More than eight decades after it was installed, a memorial to the three 19th-century sibling novelists in London’s Westminster Abbey was amended Thursday to restore the diaereses – the two dots over the e in their surname.

The dots — which indicate that the name is pronounced “brontay” rather than “bront” — were omitted when the stone tablet commemorating Charlotte, Emily and Anne was erected in the abbey’s Poets’ Corner in October 1939, just after the outbreak of World War II.

They were restored after Brontë historian Sharon Wright, editor of the Brontë Society Gazette, raised the issue with Dean of Westminster David Hoyle.
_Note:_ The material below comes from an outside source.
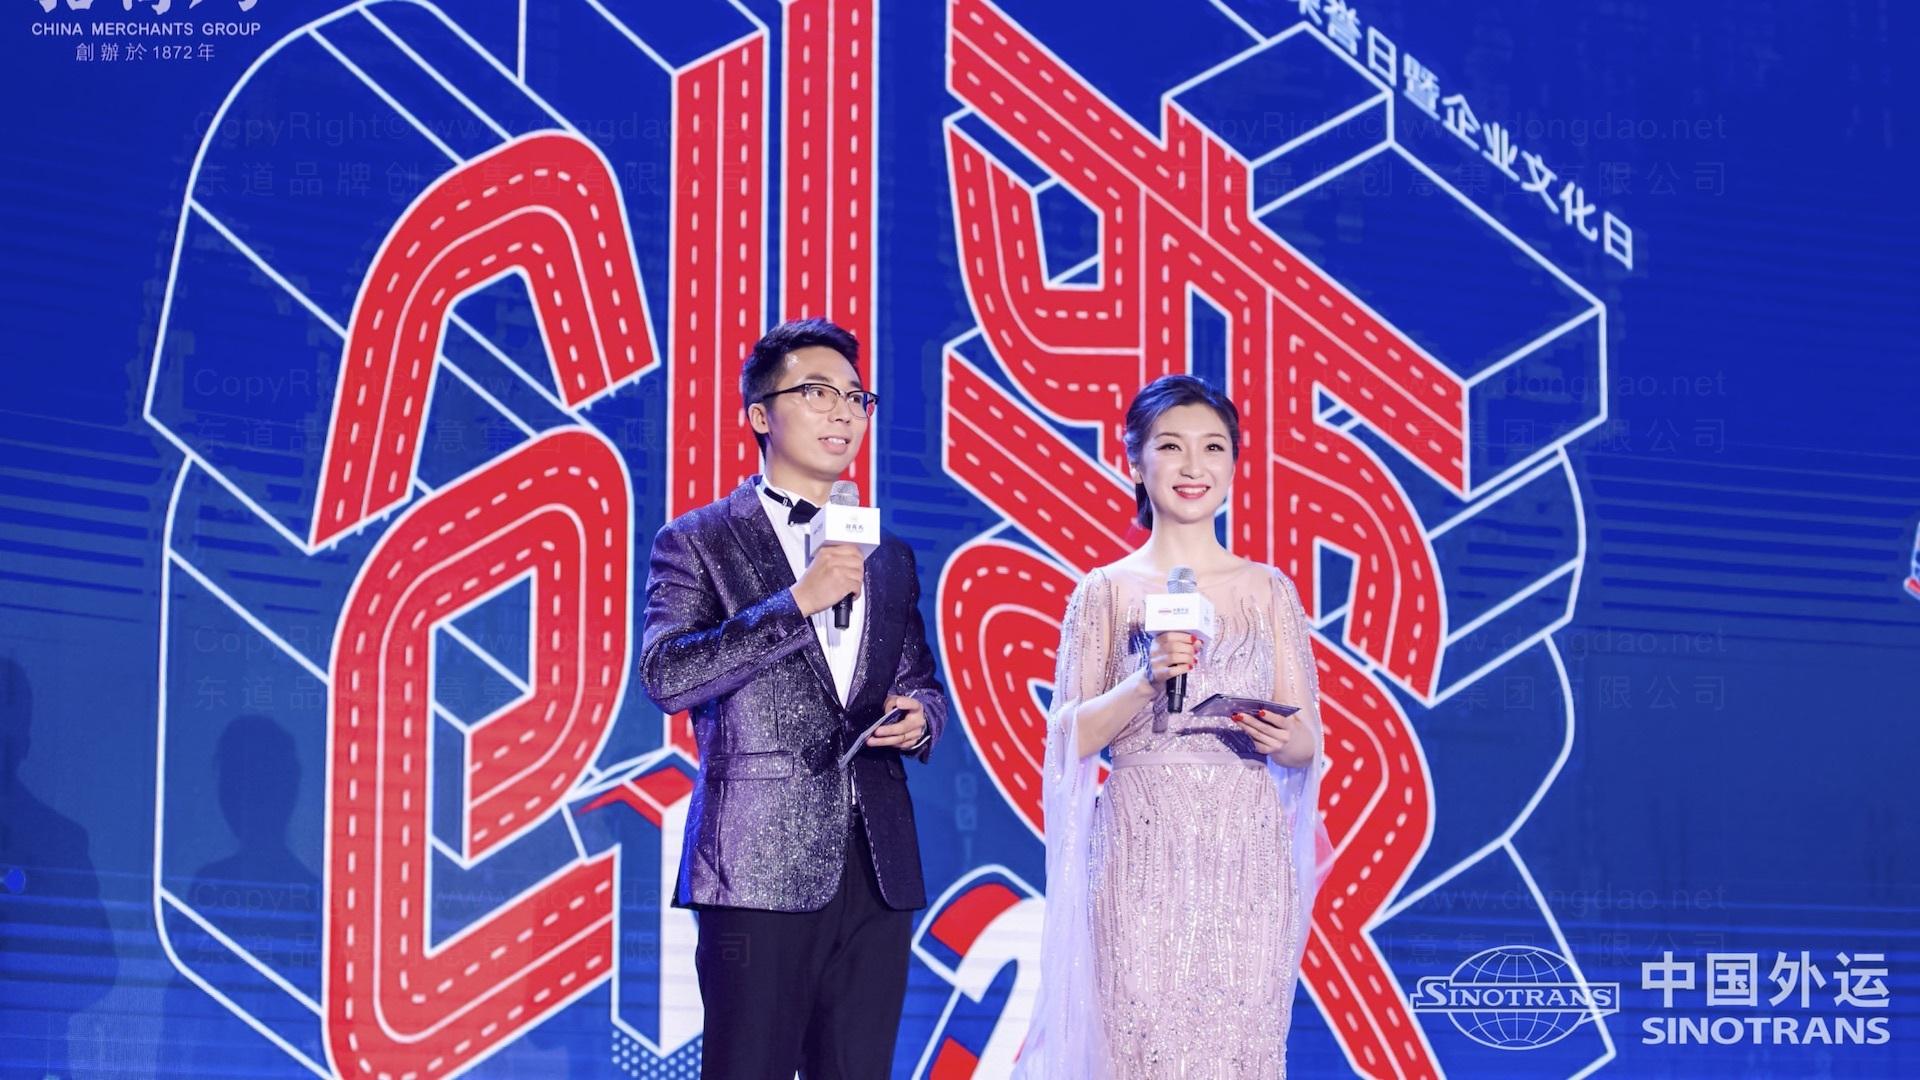 品牌战略&企业文化中国外运企业文化落地项目企业文化手册应用场景_20

The abbey asked its stonemason to tap in the dots and its conservator to paint them.

“There’s no paper record for anyone complaining about this or mentioning this, so I just wanted to put it right, really,” Wright said. “These three Yorkshire women deserve their place here, but they also deserve to have their name spelled correctly.”

It’s believed the writers’ Irish father Patrick changed the spelling of his surname from Brunty or Prunty when he went to university in England.

Raised on the wild Yorkshire moors, all three sisters died before they were 40, leaving enduring novels including Charlotte’s “Jane Eyre,” Emily’s “Wuthering Heights” and Anne’s “The Tenant of Wildfell Hall.”

Rebecca Yorke, director of the Brontë Society, welcomed the restoration.

“As the Brontës and their work are loved and respected all over the world, it’s entirely appropriate that their name is spelled correctly on their memorial,” she said.